This is getting more ridiculous with every next post..
This is what i said. Lets quote the entire paragraph rather then your little selective quote.
Indeed, let's.
zzz said:
Given the Wii U's slow MEM2 bandwidth, it's also a fair assumption to say it's unlikely the GPU has more then 8 ROPs. ROPs are heavily dependant on bandwidth, there would be absolutely no point going with any more then 8 ROPs on a MEM2 bus as slow as the Wii U's. The Xbox 360's architecture had the ROPs tied to its eDRAM via a high speed bus, that also doesn't seem to be the case with the Wii U. The Wii U's eDRAM seems to be implamented differently and not tied into the ROPs, nor is the Wii U's eDRAM capable of offering bandwidth in the same ball park as that in the Xbox 360. If anything the Wii U's ROPs may be worse in performance then those in the Xbox 360 due to the shit bandwidth. Either way 8 ROPs for a modern day console is terrible.

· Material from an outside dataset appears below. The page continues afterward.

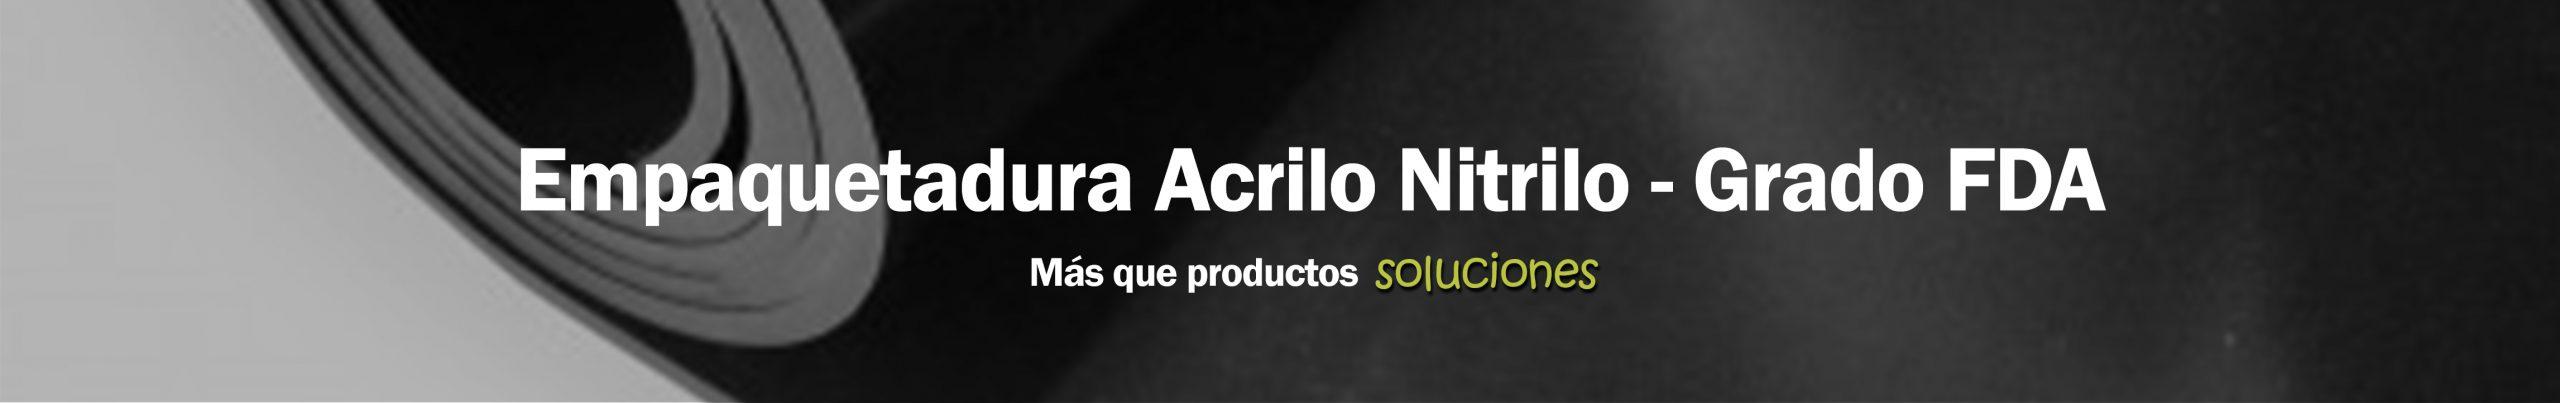 Empaquetadura Acrilo Nitrilo-Grado FDA
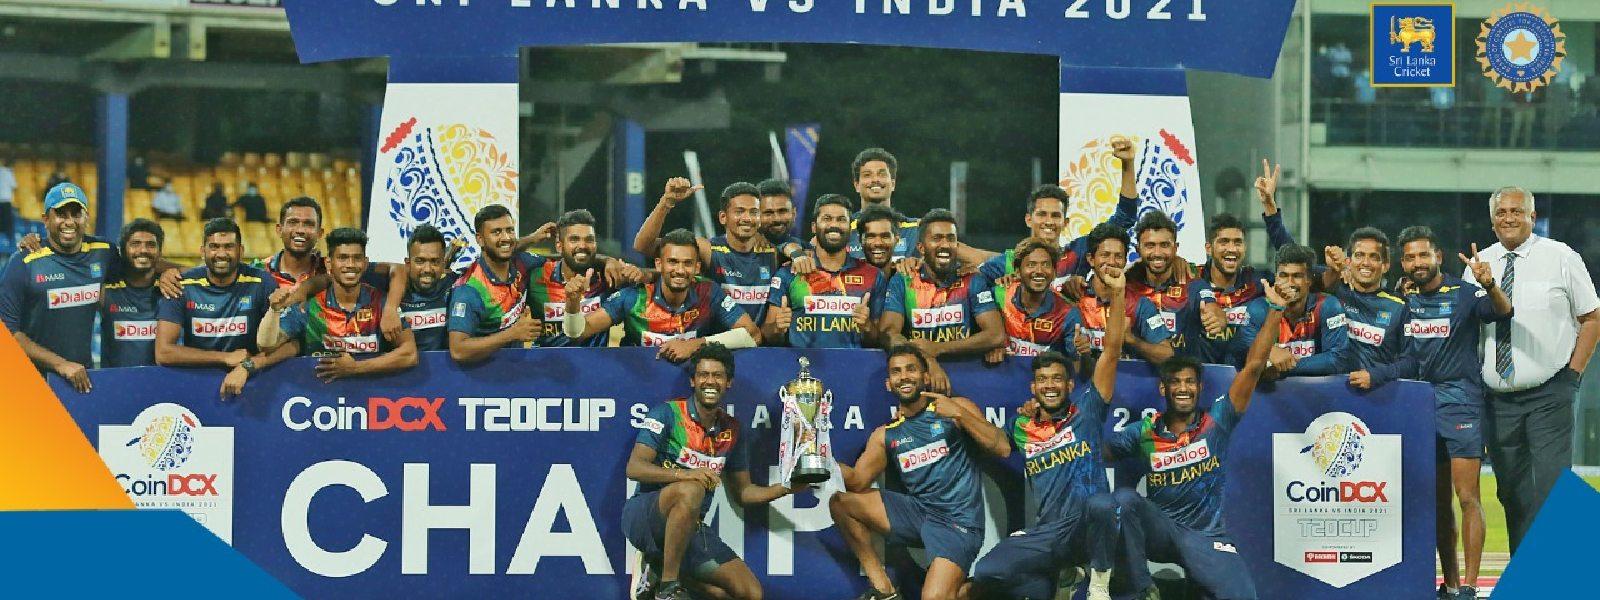 Sri Lanka Beat India By 7 Wickets, Win Series 2-1

Is that line i've underlined wrong?
Yes, it is wrong.
You have two memory pools A and B available to a GPU. A being of known parameters (size, bandwidth, etc), B - an unknown, outside of its size. ROPs work with pool B, while both pools A and B service asset fetches. Any statement, 'Pool A has such and such BW characteristics, so that ROP numbers should be such and such.' is nonsense - you have neither the BW available to ROPs alone, nor the cumulative bandwidth available for GPU assets.
Here's a hypothetical question for you: what if pool A was not present (or GPU could not directly read assets from it), how many ROPs should a GPU outputting to pool B have? 0?
And here's another one, this time non-hypothetical: how many ROPs do you think PS2's GS had, given its link to the main mem was rated at 1.2GB/s? GS has a top fillrate of 1.2GPix/s when texturing (2.4GPix/s sans texturing), compared to Xenos' 4GPix/s. By your reasoning, GS should have had 22.4 * 1.2 / 4 = 6.72GB/s BW from main mem for GS to have as many as 8 ROPs. Now, humor me and check the actual specs.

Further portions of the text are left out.